S&P believes that adjusting S&P's projected losses, which S&P
derived from its default curve analysis, is appropriate in cases
where the amount of current delinquencies indicates a different
timing or level of loss.  In addition, S&P recently revised its
loss severity assumption for transactions issued in 2006 and the
first half of 2007.  S&P based the revised assumption on its
belief that continued foreclosures, distressed sales, increased
carrying costs, and a further decline in home sales will continue
to depress prices and push loss severities higher than S&P
previously assumed.

The lowered ratings reflect S&P's assessment of credit support
under three constant prepayment rate scenarios.  The first
scenario utilizes the lower of the lifetime or 12-month CPR, while
the second utilizes a 6% CPR, which is very slow by historical
standards.  The third scenario uses a prepayment rate that is
equal to two times the lower of the lifetime or 12-month CPR.  S&P
incorporated a third CPR scenario into S&P's cash flow analysis to
account for potential increases in prepayments, which may result
from normal increases typically found in the seasoning of pools
combined with a chance that governmental proposals, if adopted,
may lead to increased CPRs.  S&P assumed a constant default rate
for each pool.

Because S&P's analysis focused on each individual class with
varying maturities, prepayment scenarios may cause an individual
class or the transaction itself to prepay in full before it incurs
the entire loss projection.  Slower prepayment assumptions
lengthen the average life of the mortgage pool, which increases
the likelihood that total projected losses will be realized.  The
longer a class remains outstanding, however, the more excess
spread it generates.

To assess the creditworthiness of each class, S&P reviewed the
individual delinquency and loss trends of each transaction for
changes, if any, in risk characteristics, servicing, and the
ability to withstand additional credit deterioration.  For
mortgage pools that continue to exhibit rising delinquencies, S&P
increased S&P's cash flow stresses to account for potential
increases in monthly losses.  In order to maintain a rating higher
than 'B', a class had to absorb losses in excess of the base-case
assumptions S&P assumed in S&P's analysis.  For example, one class
may have to withstand 115% of S&P's base-case loss assumptions in
order to maintain a 'BB' rating, while a different class may have
to withstand 125% of S&P's base-case loss assumptions to maintain
a 'BBB' rating.  Each class that has an affirmed 'AAA' rating can
withstand approximately 150% of S&P's base-case loss assumptions
under its analysis, subject to individual caps assumed on specific
transactions.  S&P determined the caps by limiting the amount of
remaining defaults to 90% of the current pool balances.

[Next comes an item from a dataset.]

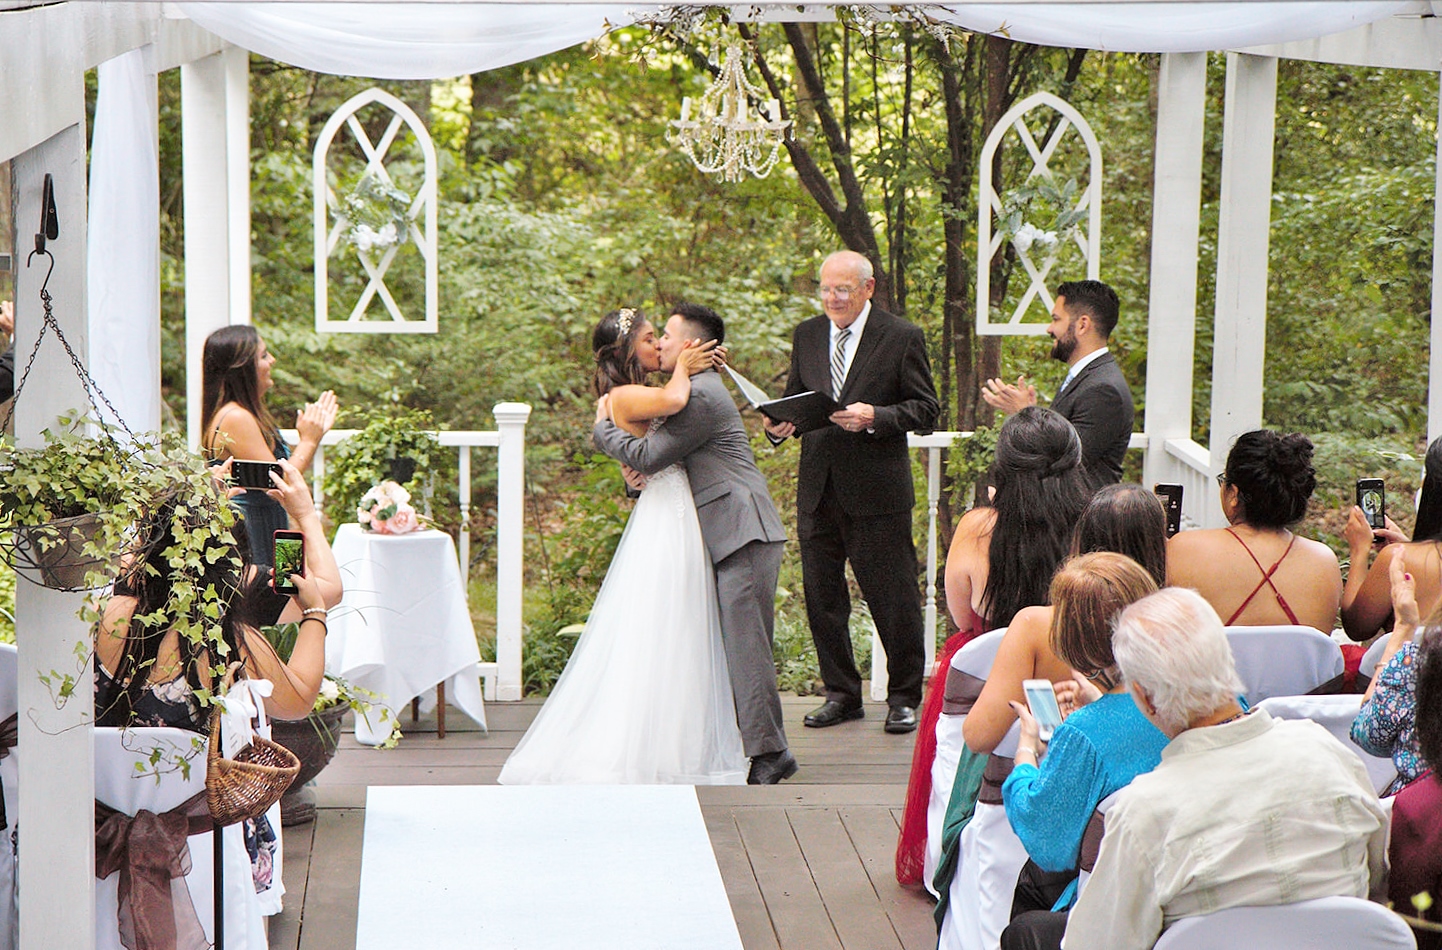 Bride and groom kiss first ceremony.

A combination of subordination, excess spread, and
overcollateralization provide credit support for the affected
transactions.  The underlying collateral for these deals consists
of fixed- and adjustable-rate U.S. subprime mortgage loans secured
by first and second liens on one- to four-family residential
properties.

To date, S&P has resolved the CreditWatch placements of the
ratings on 2,606 classes from 389 U.S. subprime RMBS transactions
from the 2005, 2006, and 2007 vintages.  Currently, S&P's ratings
on 678 classes from 127 U.S. subprime RMBS transactions from the
2005, 2006, and 2007 vintages are on CreditWatch negative.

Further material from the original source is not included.